Here’s a visual representation of how long children will live in my home compared to an entire lifetime.

I have two lines of blue dots left, and then it’s all red dots. A quiet, clean home without toys or crayons or bedtime battles.  Without tickles and giggles and silly songs and finger-painted refrigerator art. I suddenly understand why empty-nesters warn us to enjoy these moments. The red dots are coming, and they are coming far too soon.

And these charts don’t even consider the other “milestones.” I’m probably 75% done physically carrying my four-year-old when he’s tired. I’m probably 50% done with him wanting to hold my hand and give me hugs and kisses in public.

Why does this matter?

I had strep throat this week, and I felt pretty terrible. (Why is strep throat so debilitating as an adult?!) Anyway, as you likely know, you are no longer contagious a full day after starting antibiotics, but you still feel run down. It was fall break. My kids were non-stop energy from sun up to sun down—and then some. For two days, we stayed inside because I just couldn’t hang.

But then, on the third day, I took 800 mg ibuprofen, got presentably dressed, and made the most of my blue dot time.
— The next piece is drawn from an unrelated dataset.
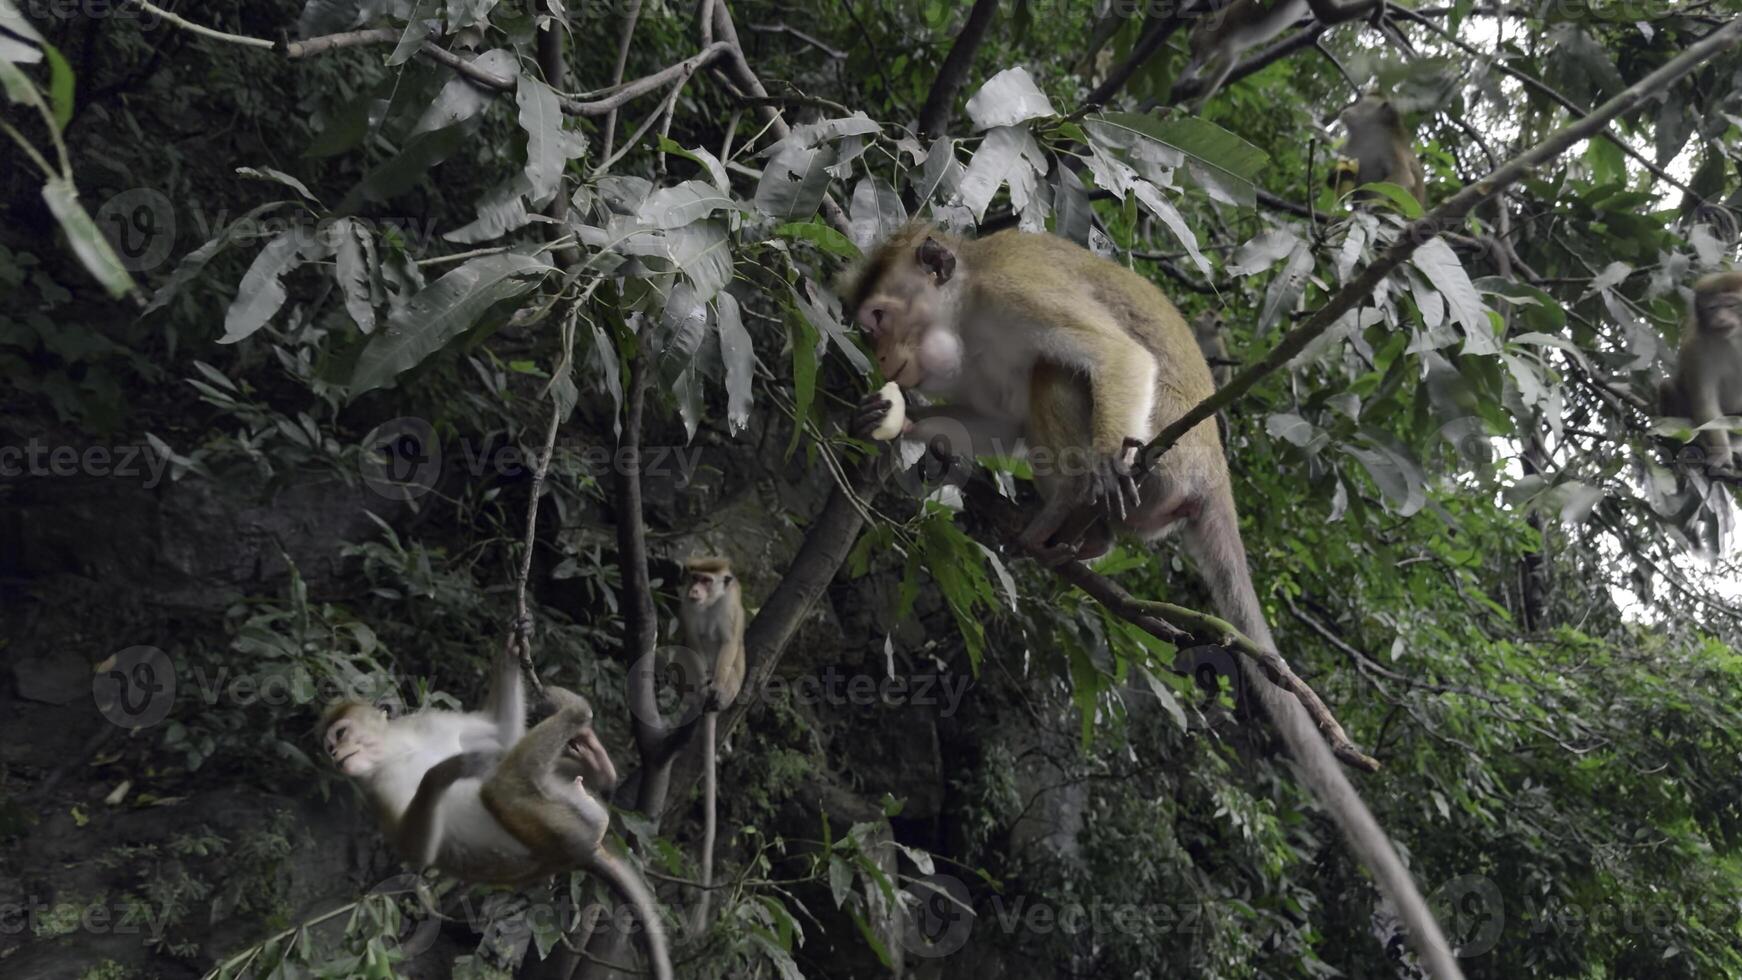 Monkeys on tree branches with food. Action. Monkeys are treated to treats from tourists in jungle. Monkeys in trees by hiking trails photo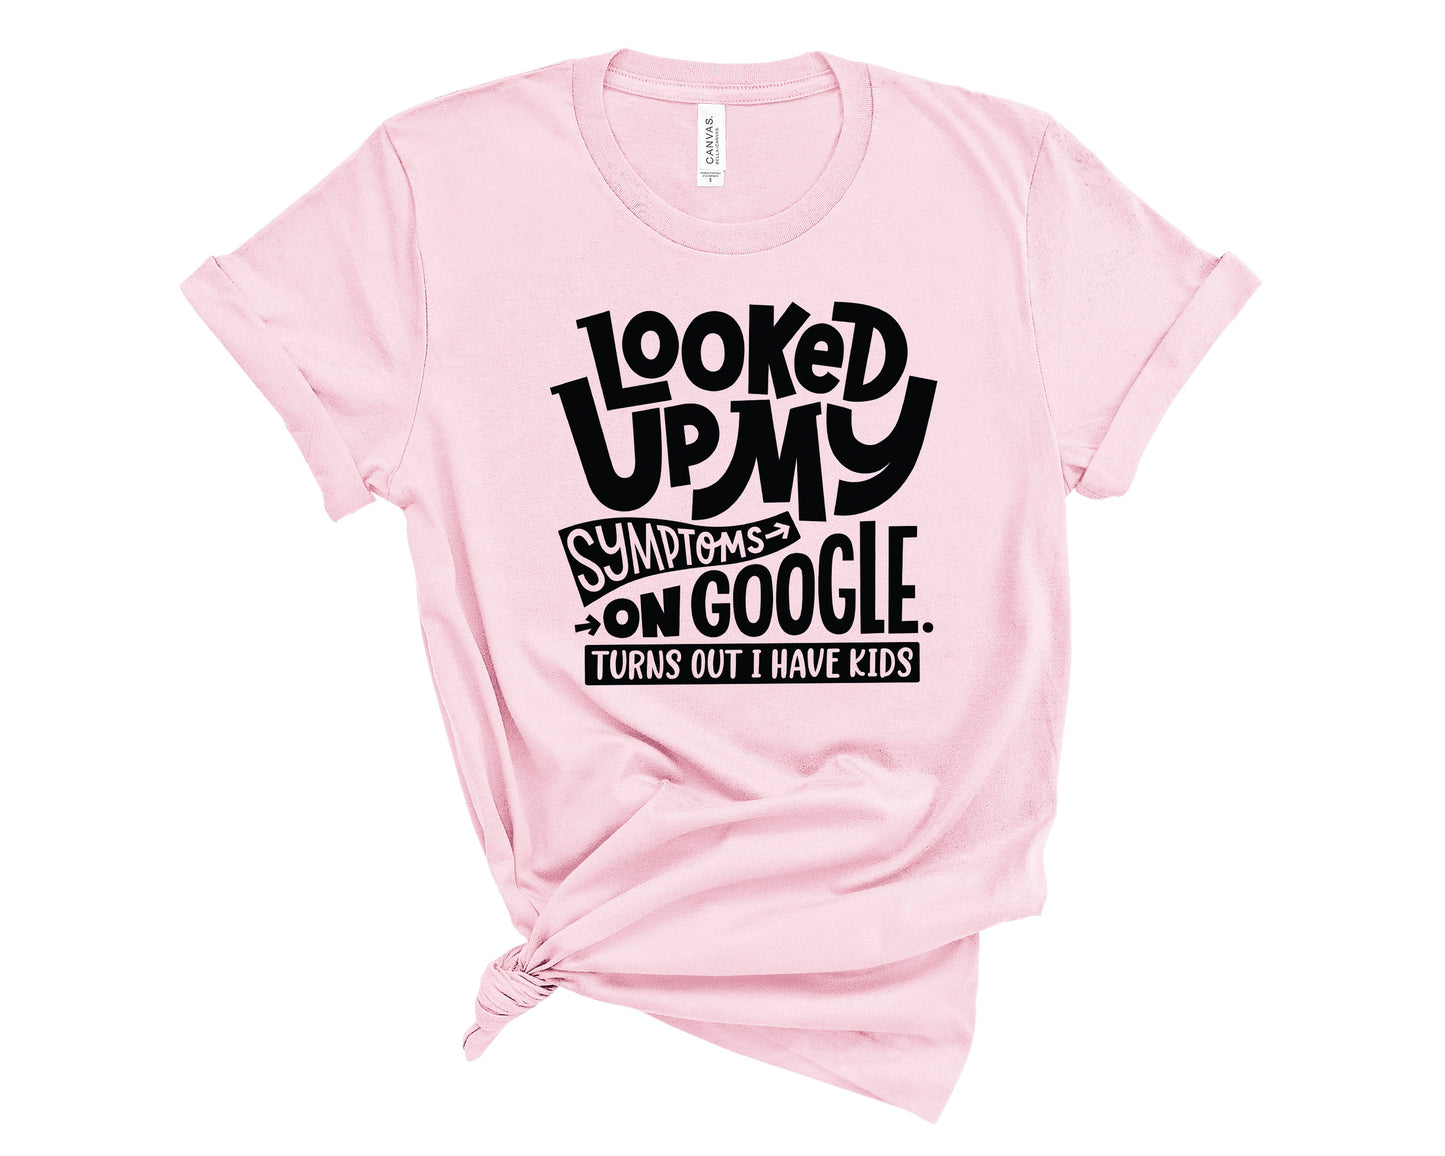 Looked Up My Symptoms On Google Turns Out I Have Kids T-Shirt or Crew Sweatshirt

We hit up the Chick-fil-A play area, rode bikes to the neighborhood playground, went to a pumpkin patch, got pizza and dessert at a restaurant for dinner, and ended the evening with even more playground time. I thought I’d fall over dead by the end of it. But instead, I saw two extremely happy boys with full hearts and tired eyes. They slept like rocks, and so did I. Like a really happy, really tired rock.

I want to live every blue dot day like I know the red dot days are coming. I want to pray over them more. Have random, silly conversations. Dance parties. Impromptu mommy/son dates. Push them in the swings. Read them one more bedtime story. Hug them tighter.

And when the monotony and overwhelming chaos of motherhood somehow collide and leave me burned out and exhausted, I want to look at these charts again and remember: Red dots are coming. And perhaps I will welcome that rest a little more if I know I’ve made the absolute best of all of these blue dot days.